Discussion Spoiler Thread: Cold Steel & Spiritwalker Trilogy

Books are in people’s hands already so time to open up a thread for discussion of Cold Steel and the trilogy as a whole.

If you want to make a comment, ask a question, discuss where I can hear and join in or where you know you’ll be able to talk to other people who have read the books: This is the place.

If you prefer to talk where I can’t listen in, this is not the place (and there are plenty of great places to do that, too!)(I also totally get the desire/need to talk about a book where the author can’t hear).

There will be spoilers for the entire trilogy.


A quick reminder of appearances, listed in full in this post:

University Bookstore Seattle WA 7 pm Monday July 8

Powells-Cedar Hills Crossing Portland OR 7 pm Tuesday July 9.


I won’t be online much for the next few weeks but I will check this blog every day–and you may find me on Twitter (KateElliottSFF) and occasionally FB (Kate Elliott).

47 thoughts on “Discussion Spoiler Thread: Cold Steel & Spiritwalker Trilogy

  1. Oh my god can tomorrow be here already!

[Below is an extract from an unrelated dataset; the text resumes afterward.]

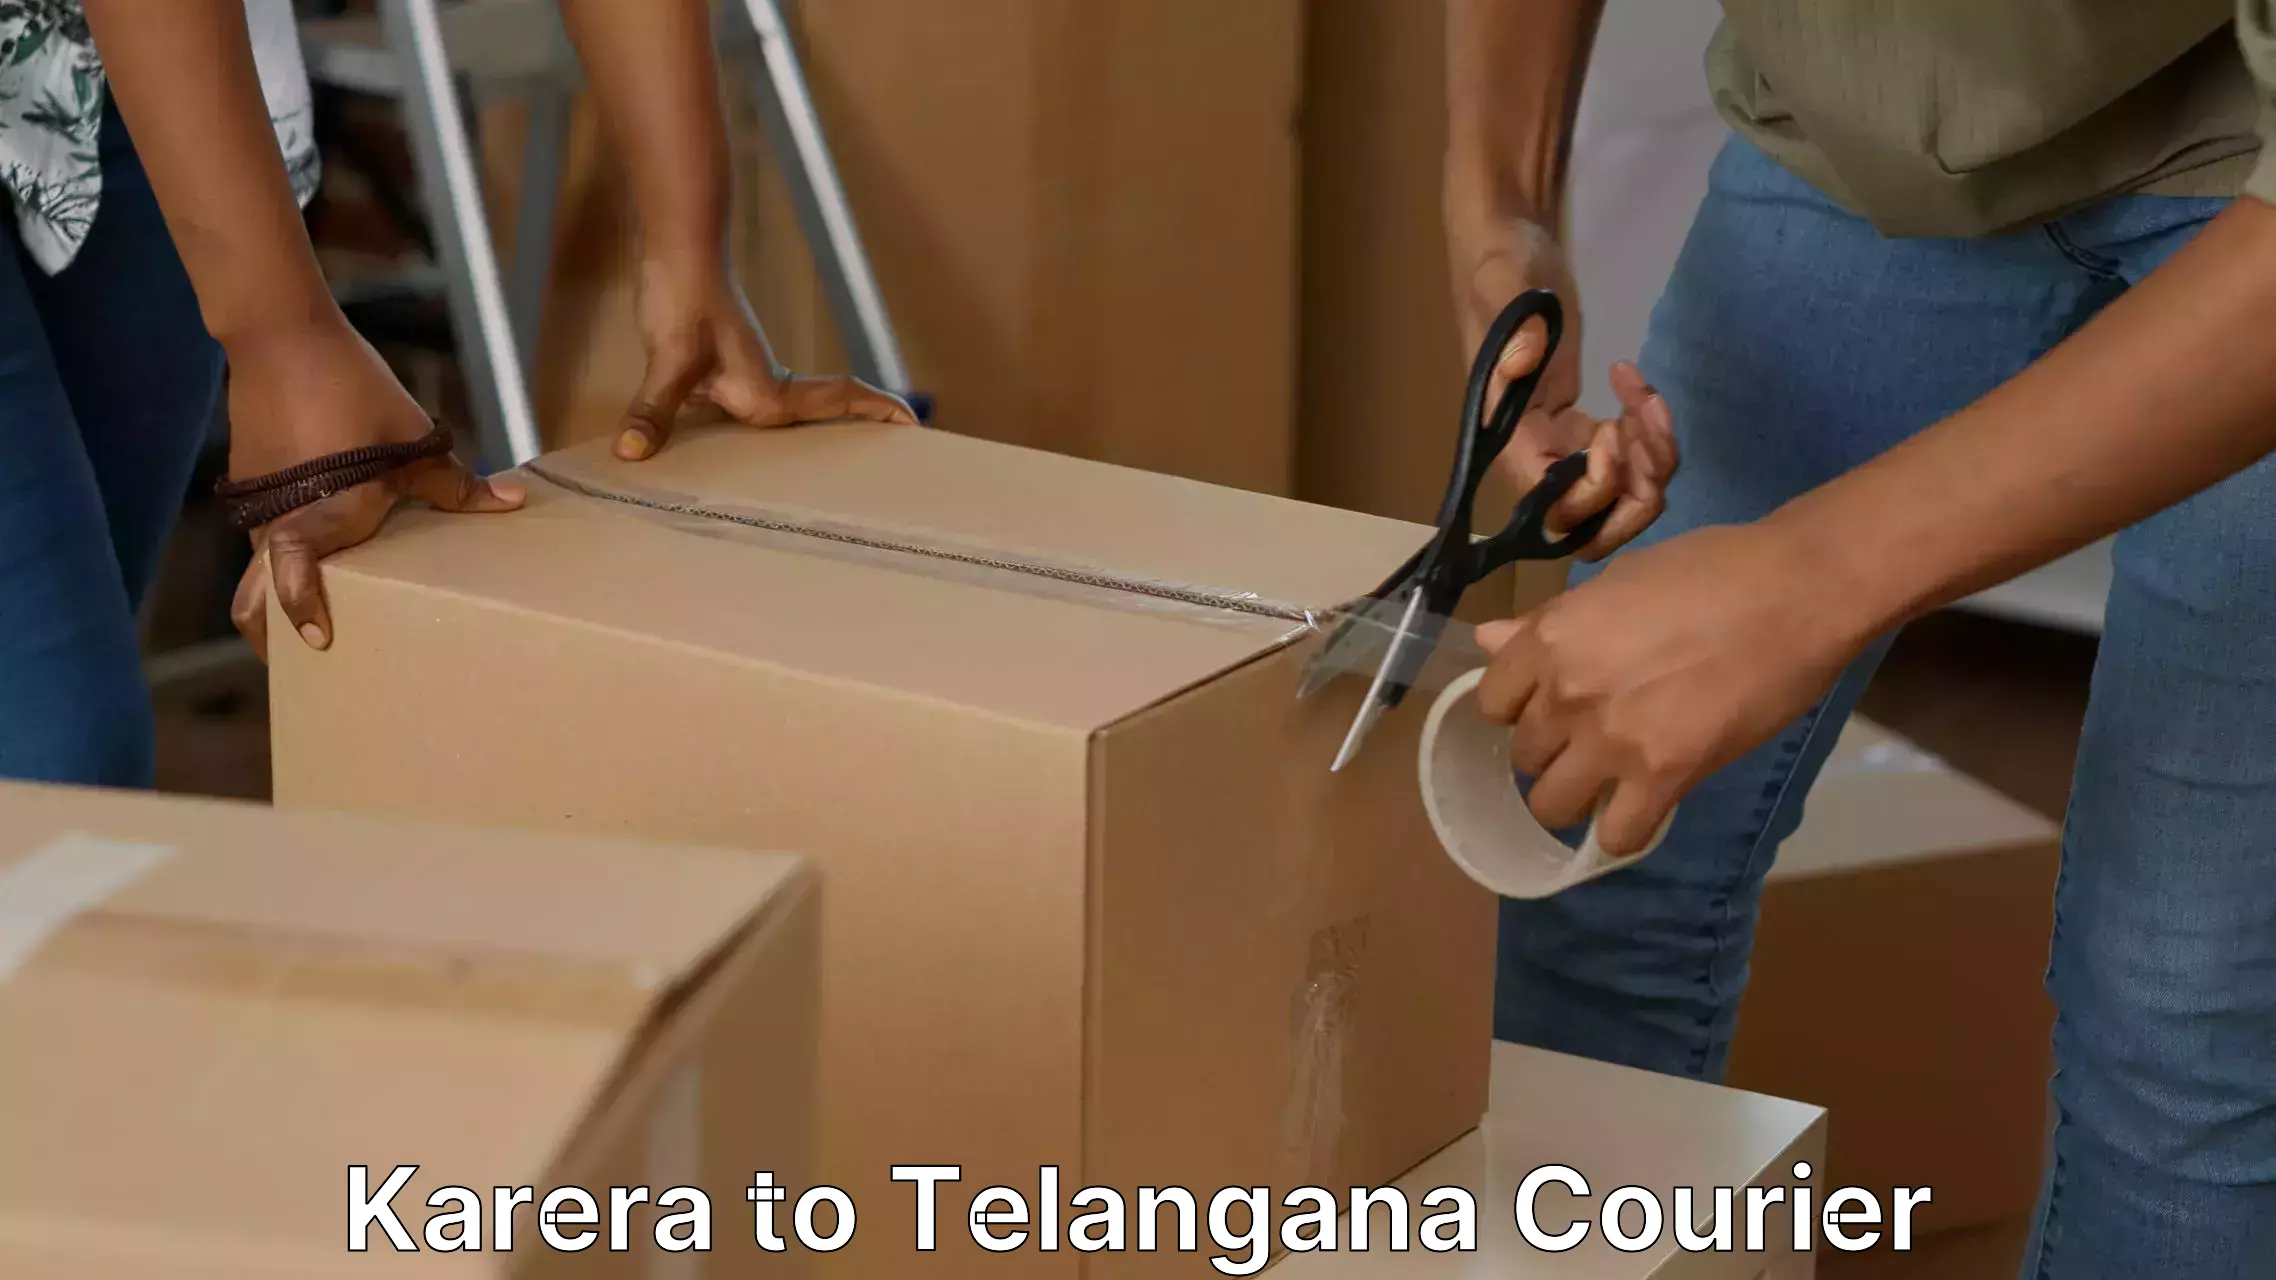 Furniture transport services Karera to Telangana

I’ve re-read Cold Fire 3 times in the past month waiting!!!

  2. All those wonderful details everywhere in the book… I just noticed that Cat is not able to say that she won’t sacrifice herself, when she talks to Bee in Cold Fire. How can I have missed that before ?

  3. I’m not sure I should discuss the book before my review pops up.

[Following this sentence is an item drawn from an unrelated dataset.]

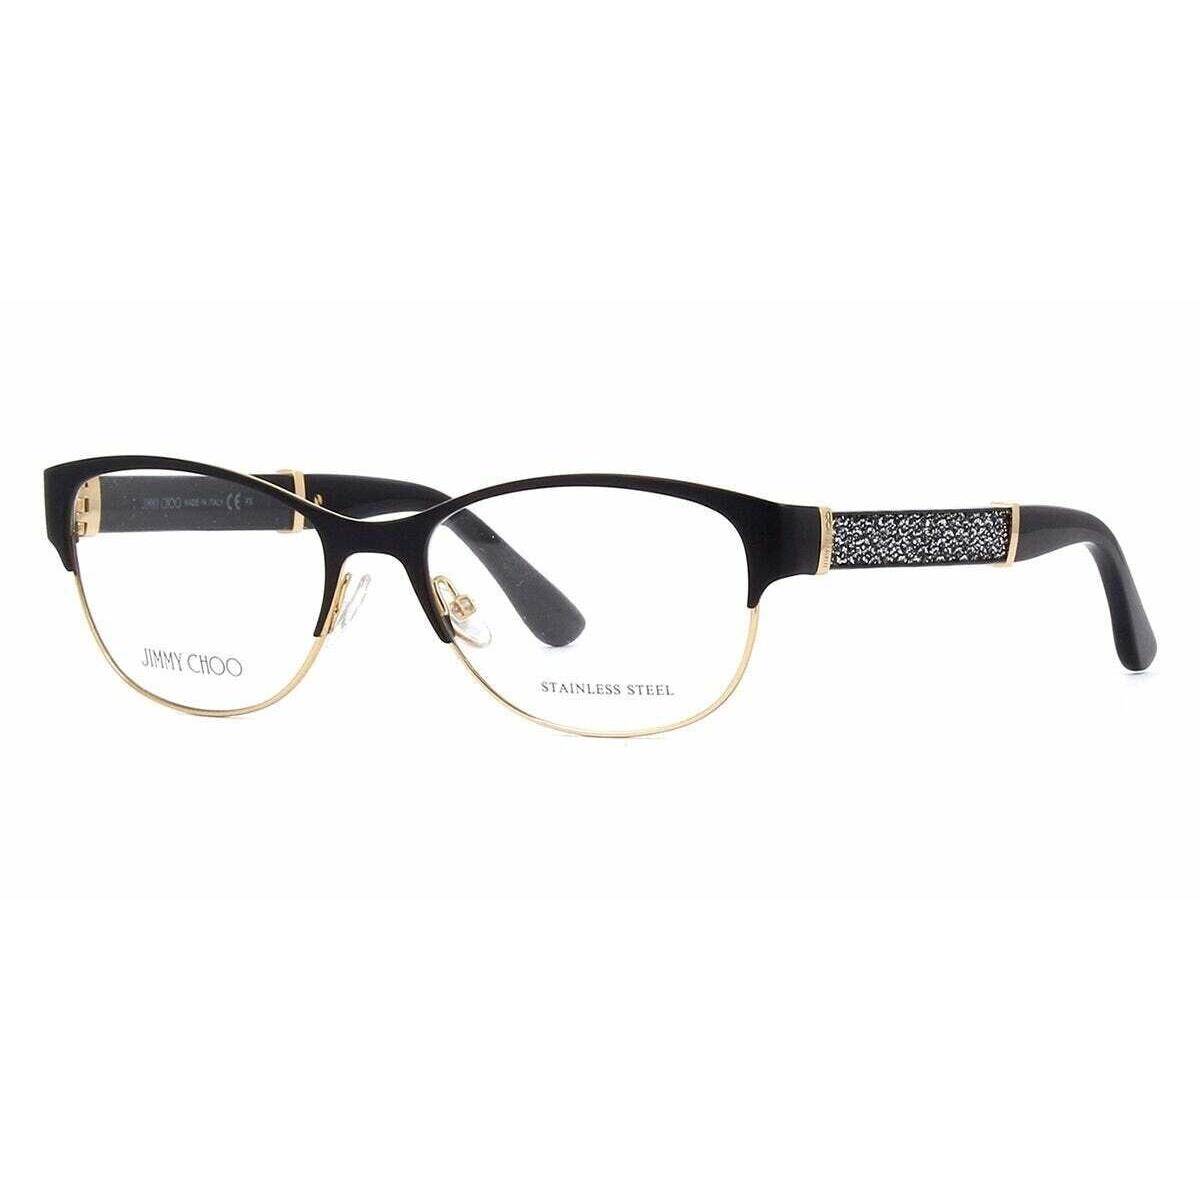 Jimmy Choo JC 180 17J Eyeglasses Matte Black Glitter Frame 53mm

    Anyway, really liked the last volume.

    –Not sure, but the Camjata storyline feels a bit like a petering out once Cat and Bee go to pursue Drake.

    –Drake really comes into his own as a villain in this volume.

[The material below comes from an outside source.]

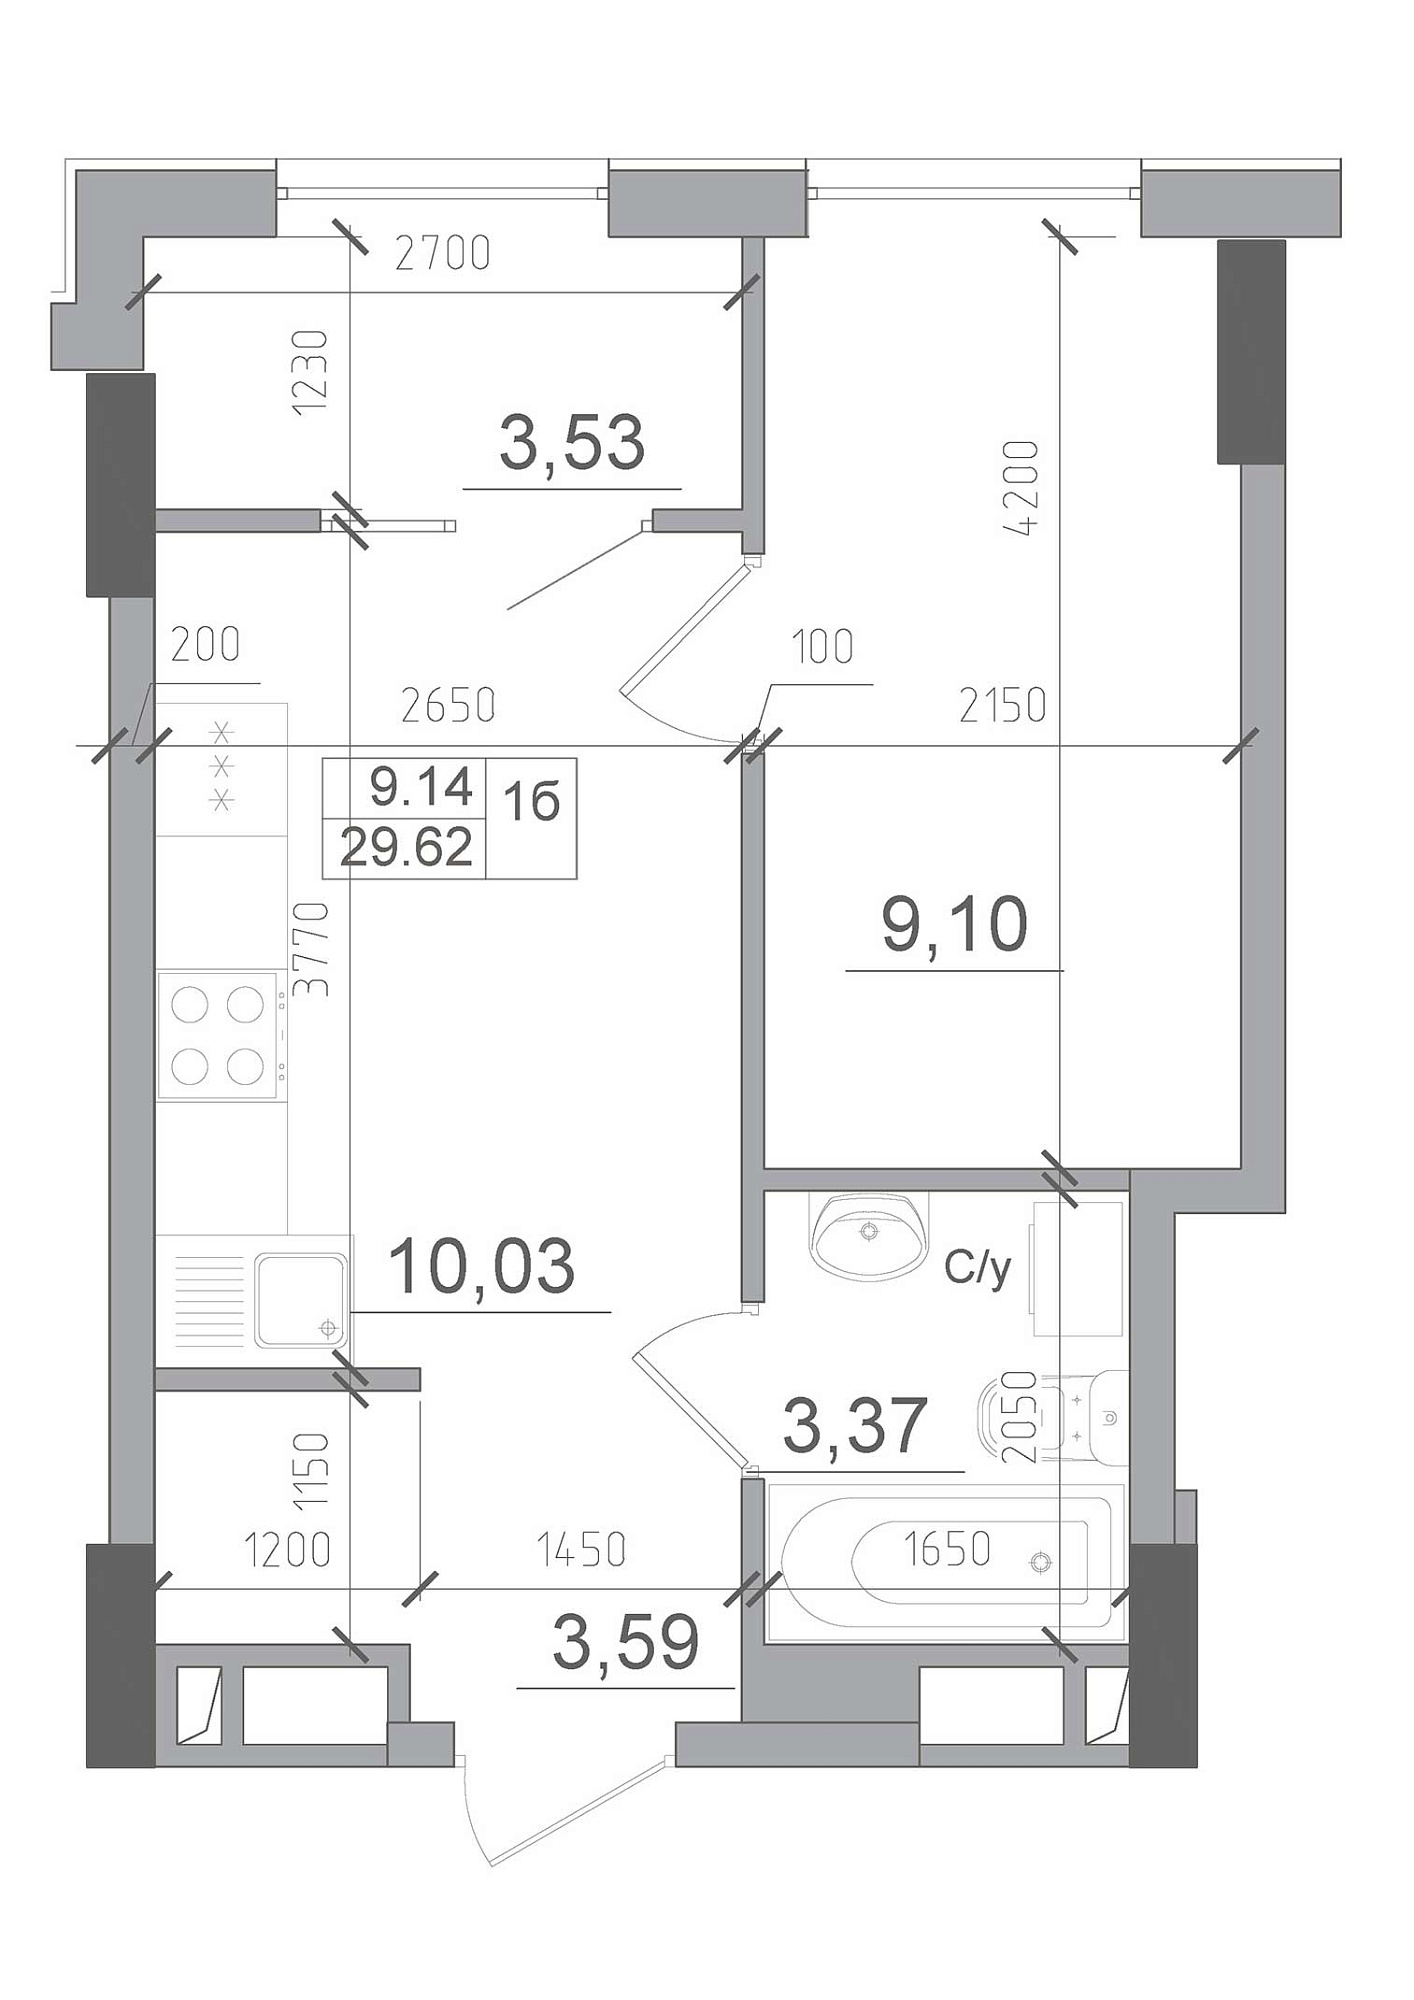 Планування 1-к квартира площею 29.62м2, AB-22-01/00002.

    –Cat was awfully clever in dealing with the Spirit Court and their teind. A neat solution–but perhaps needed more foreshadowing?

    –Bee really, really comes into her own in this book.

    –Overall, its quite an achievement to manage a first person perspective on an epic fantasy trilogy, Kate!

  4. Thank you!

    There are a lot of details, and mostly I knew what I was doing although sometimes I went off in a different way than I had originally planned and then had to hope I could make things fit back together.

  5. Thank you, Paul.

    The Camjiata storyline is finished in terms of the TRILOGY at the gates of Lutetia when he says “but not today.” How his campaign plays out in the long run is another story, of course, and it has just begun. I really had wanted to spend some time in Iberia as he gathers his forces but I simply did not have room–the book is quite long already.

    There are several references to blood in the text of Cold Steel. As narrator, Cat holds her cards close to her chest. I say that as explanation, not to suggest you are wrong in wanting more foreshadowing.

  6. One of the things I love about the series is how much Cat and Bee love each other and how deep their friendship is. I feel that too many times, in books with romance, the deep quality of friendship is lost when convenient. I love knowing that, despite everything that might happen in their lives, Cat and Bee will always be each other’s safe harbors. And I love that Andevai knows that and accepts that and honors that relationship (though Bee does the same for Cat).

  7. Does that mean there might be more books forthcoming in a different story arc?

  8. For me, anyway, book 2 dropped enough hints that I was expecting the ghouls to be what they were. And Cat’s immediate consultation about contracts after her sire’s intervention, along with the trilogy-spanning theme of rei vindicatio led me to expect something along the lines of what happened with the court (though some of the details were a clever surprise).

  9. I agree completely. It’s a wonderfully realized relationship that really fleshes out (and anchors) both –really all three– of the characters in a way that’s missing from a lot of SF&F. Not to mention that it’s just a joy to read their banter. 🙂

  10. I just wanted to say that Cold Steel has probably my favorite ending of any book I’ve ever read: Satisfying, totally in character, funny, and artistic. Thank you for giving us this beautiful story.

  11. Exactly. The foreshadowing starts in book one when Bran Cof whispers “rei vindicatio” — that thematically runs through the whole thing.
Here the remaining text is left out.